(Activity) In the material below, begin at the line that has "Рубашка женская Scotch", stop after the line that has "Avocado Ceramic Bowl Green - GigiandTom", and transcribe those lines exactly, without pictures.

(Dataset excerpts)
##############################
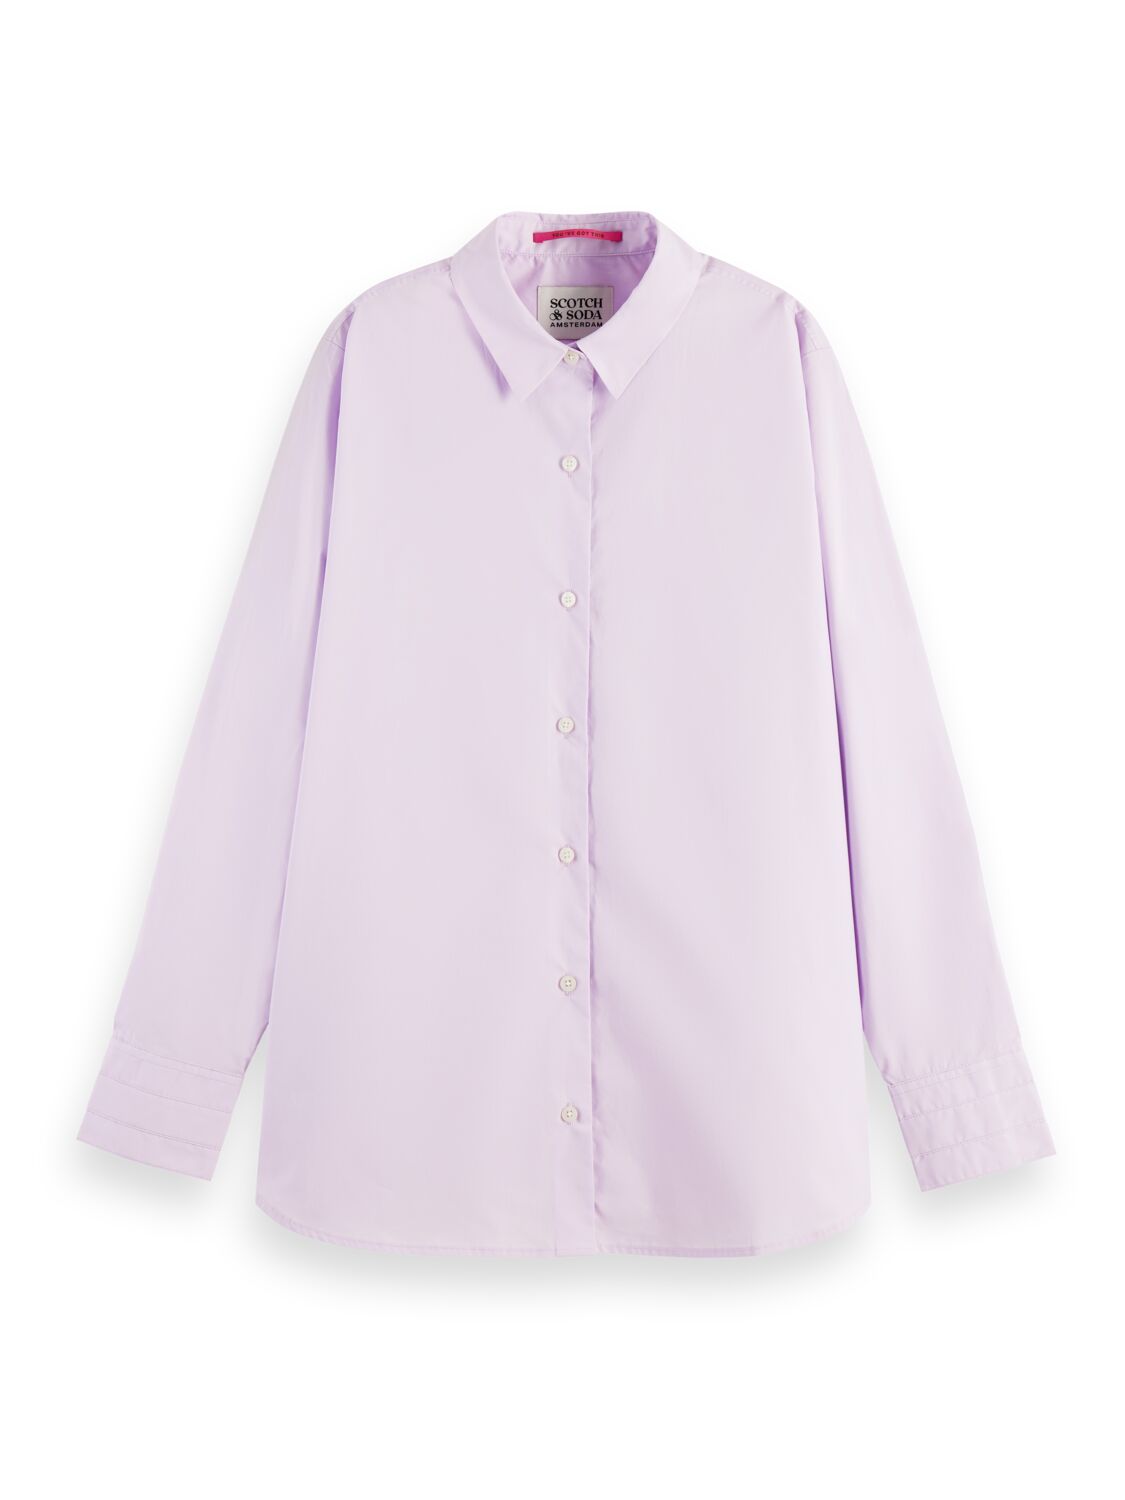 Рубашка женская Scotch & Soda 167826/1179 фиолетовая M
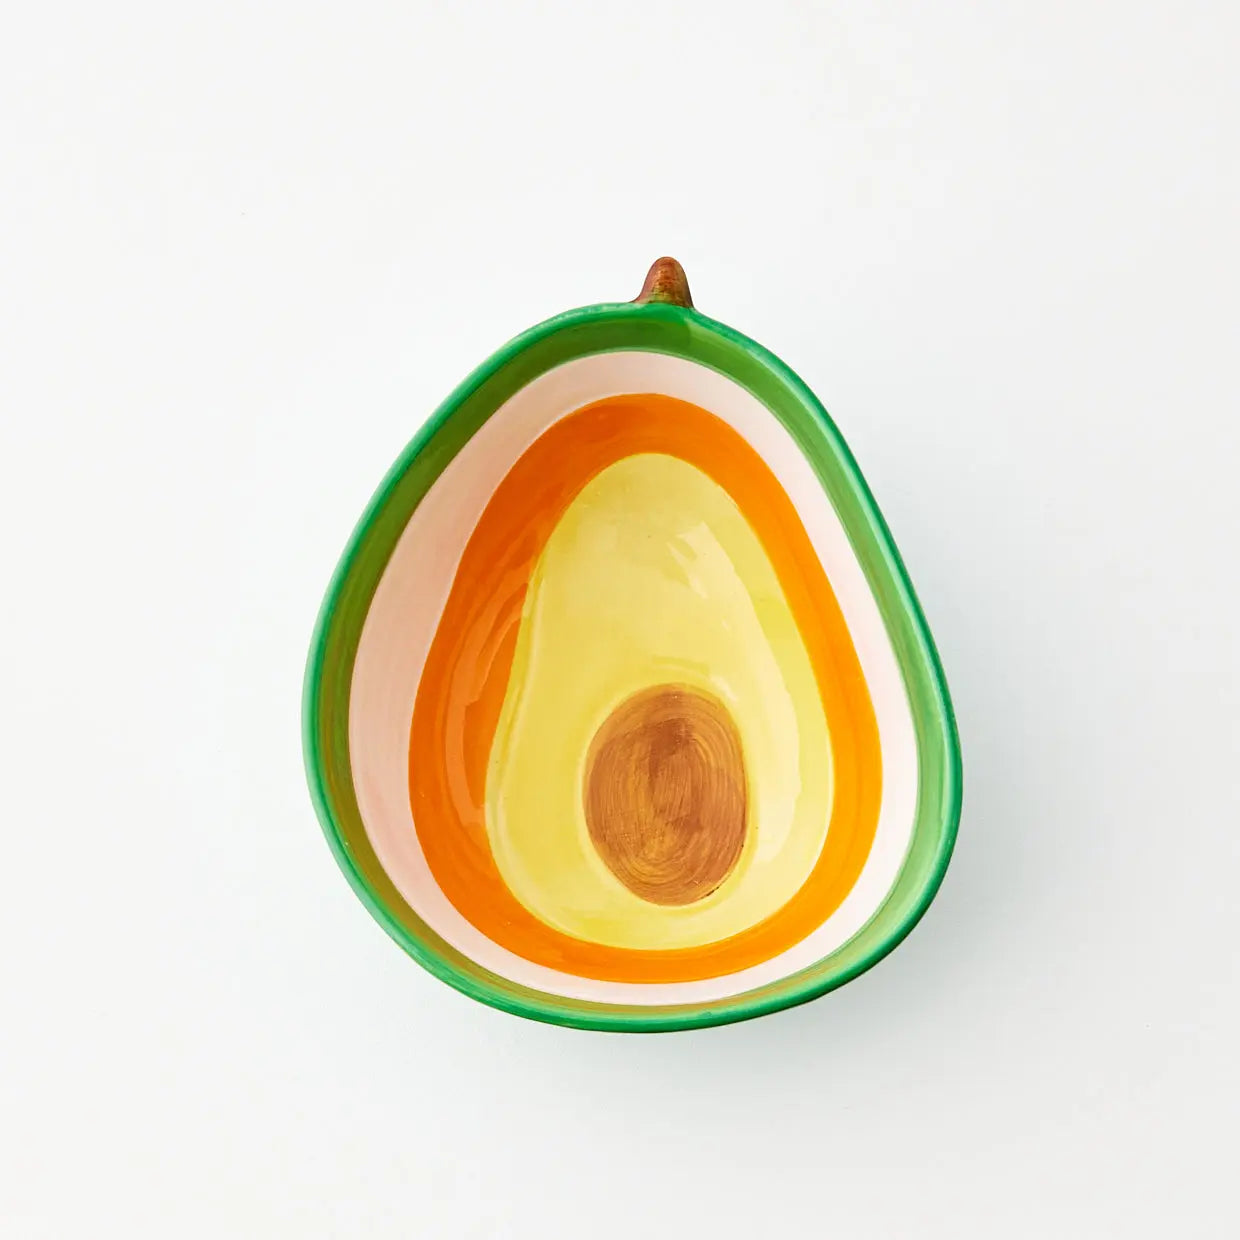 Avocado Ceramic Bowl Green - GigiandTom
##############################
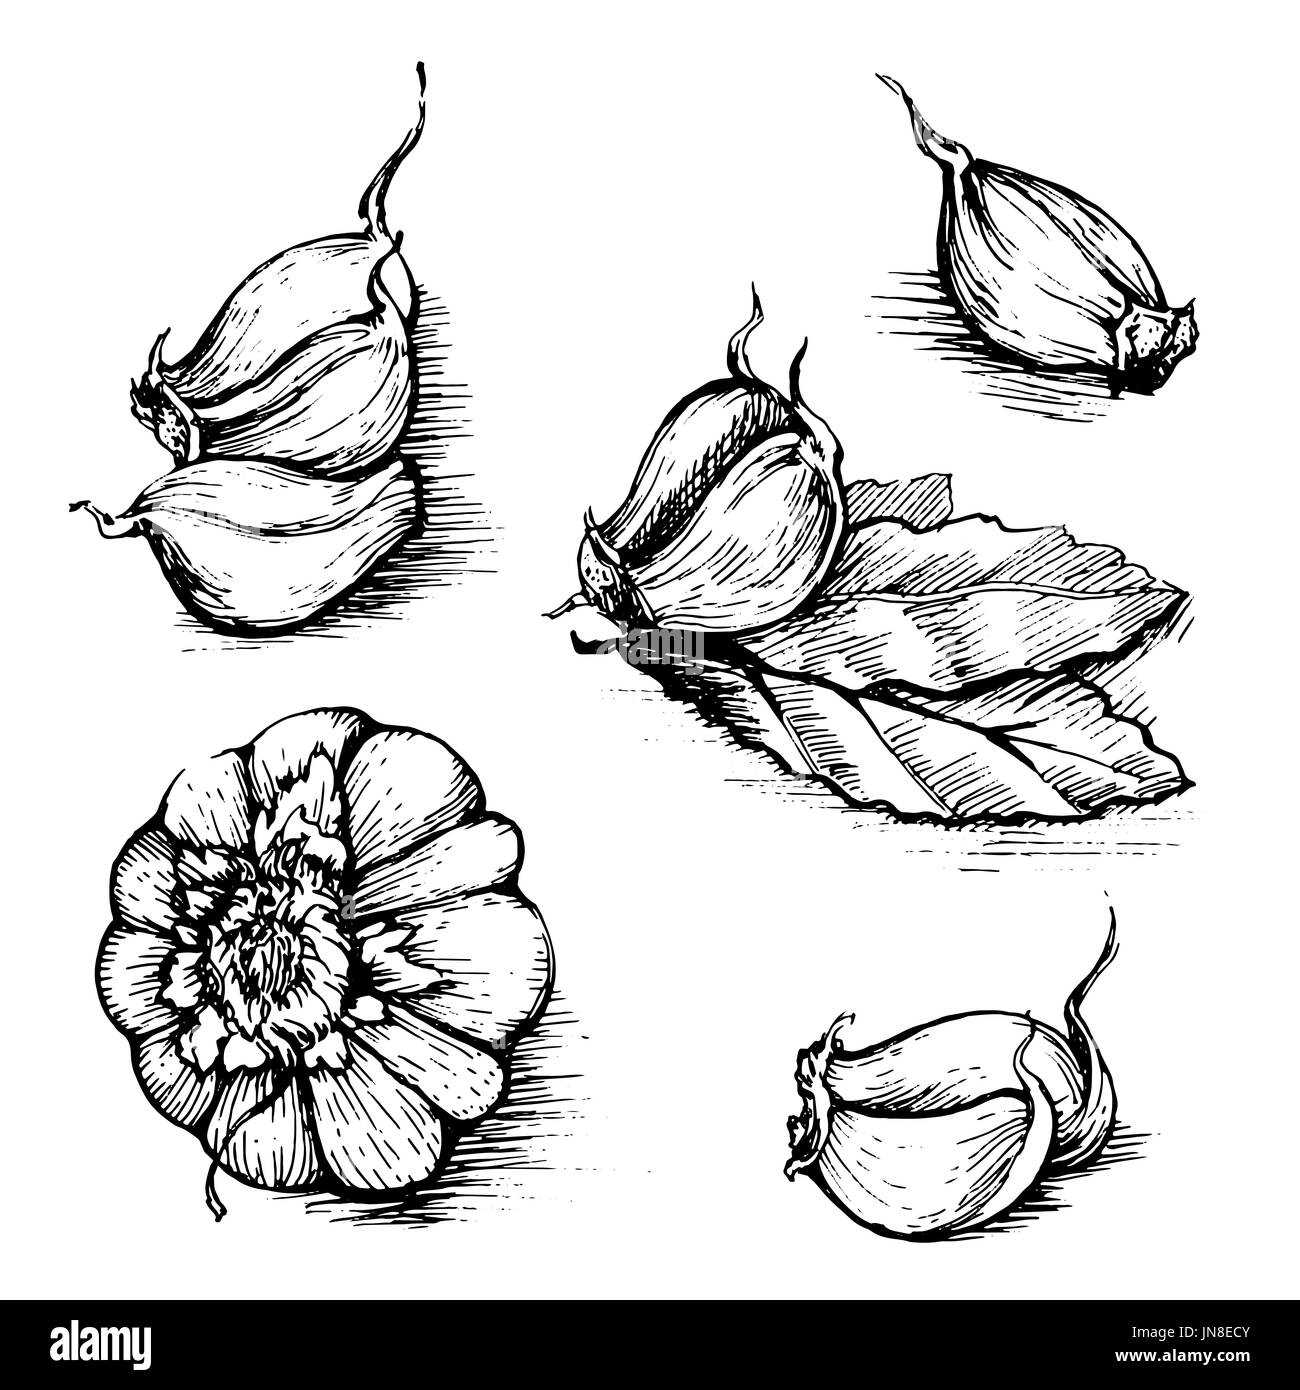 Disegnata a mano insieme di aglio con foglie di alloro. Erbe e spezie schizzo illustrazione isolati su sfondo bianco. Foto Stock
##############################
(Result for this task)
 Рубашка женская Scotch & Soda 167826/1179 фиолетовая M
 Avocado Ceramic Bowl Green - GigiandTom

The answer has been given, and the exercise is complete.